Jan 6, 2026·5 min read·3 visits
OpenSSH server (sshd) contains a critical race condition. By manipulating the `LoginGraceTime` timeout, an attacker can interrupt the server's execution flow in a way that corrupts the heap, leading to unauthenticated remote code execution as root. If you are running OpenSSH versions 8.5p1 to 9.7p1 on Linux, patch immediately.
A signal handler race condition in OpenSSH's sshd allows unauthenticated remote code execution (RCE) as root on glibc-based Linux systems. This is a regression of CVE-2006-5051, proving that history doesn't just repeat itself—it recompiles.

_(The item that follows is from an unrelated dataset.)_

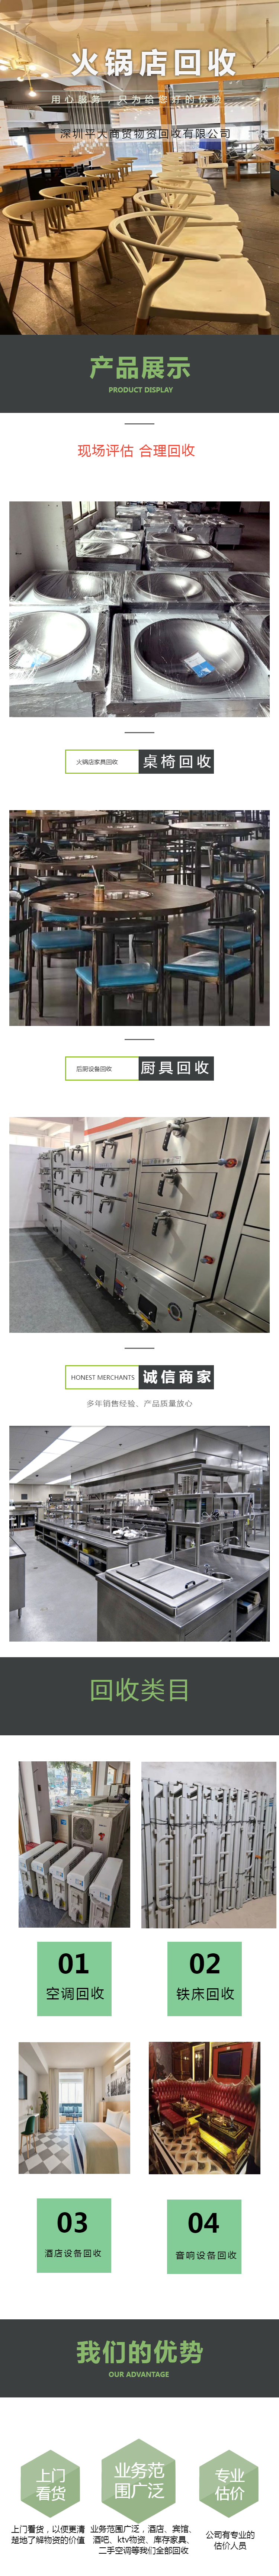 深圳火锅店回收 深圳酒楼餐厅设备回收
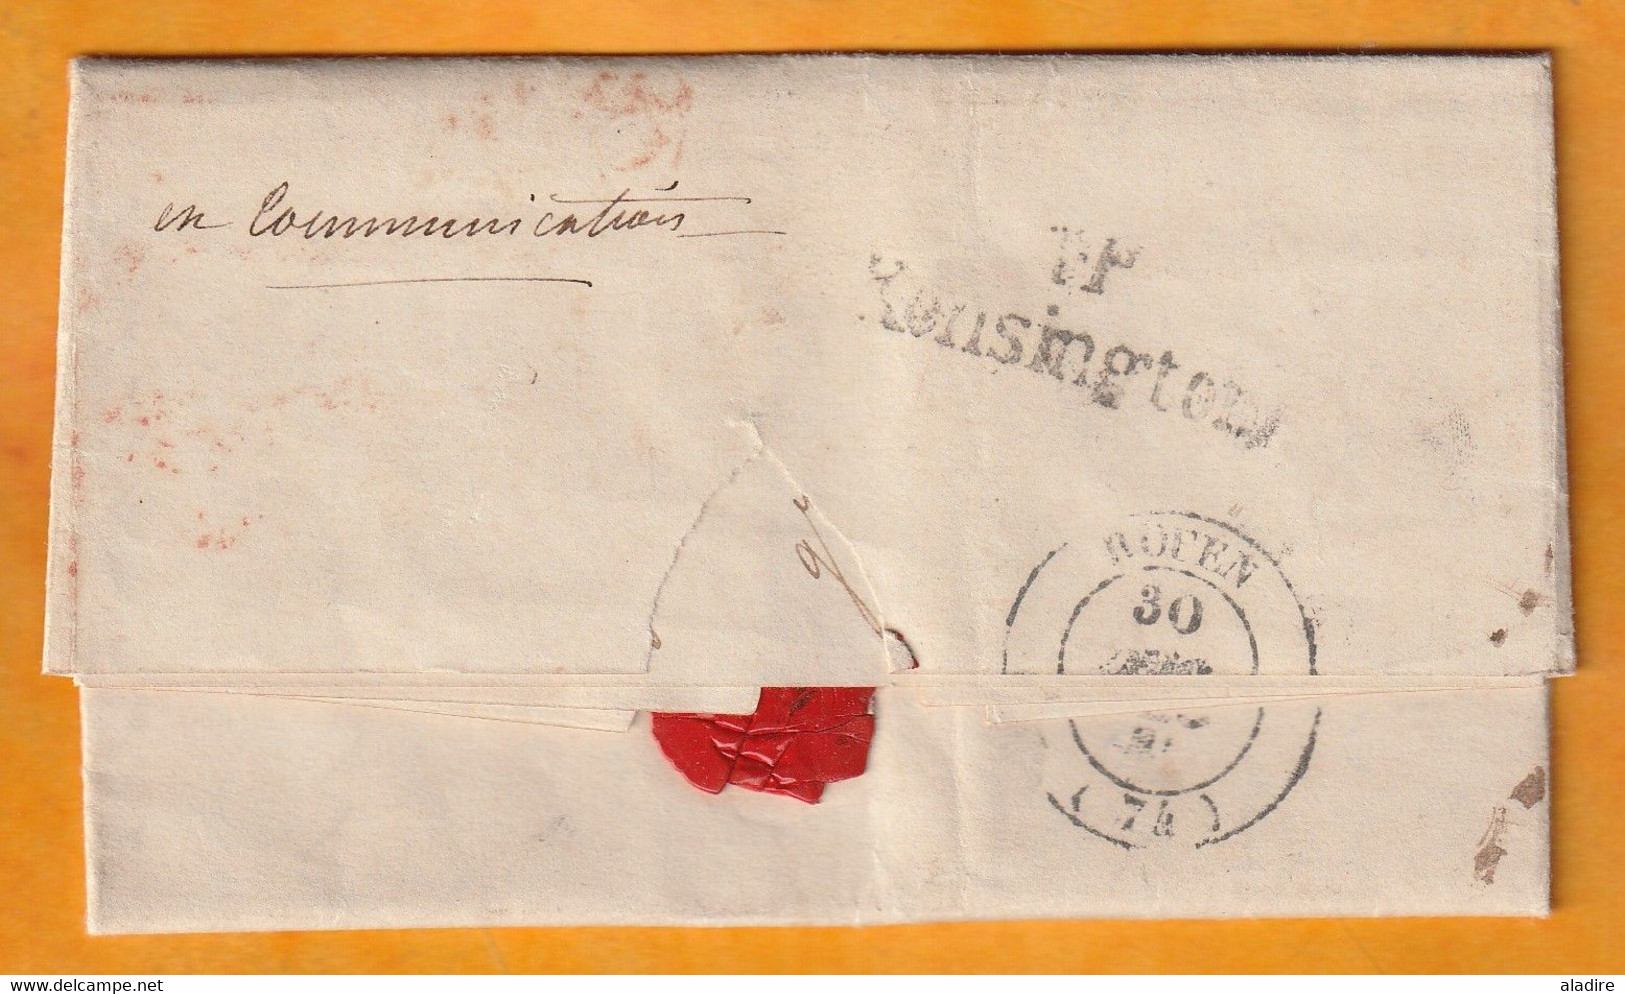 1847 - QV - Lettre pliée avec corresp. de 3 p en français de Kensington vers Rouen, France - Port Payé en Angleterre

CVSS:3.1/AV:N/AC:H/PR:N/UI:N/S:U/C:H/I:H/A:H| Product | Affected Versions | Fixed Version |
|---|---|---|
OpenSSH OpenBSD | >= 8.5p1, < 9.8p1 | 9.8p1 |
| Attribute | Detail |
|---|---|
| CWE ID | CWE-364 (Signal Handler Race Condition) |
| Attack Vector | Network (AV:N) |
| CVSS Score | 8.1 (High) |
| Privileges Required | None (PR:N) |
| User Interaction | None (UI:N) |
| Exploit Status | Proof of Concept (High Complexity) |
The software handles a signal in a way that causes the application to enter an inconsistent state, specifically by invoking functions that are not async-signal-safe.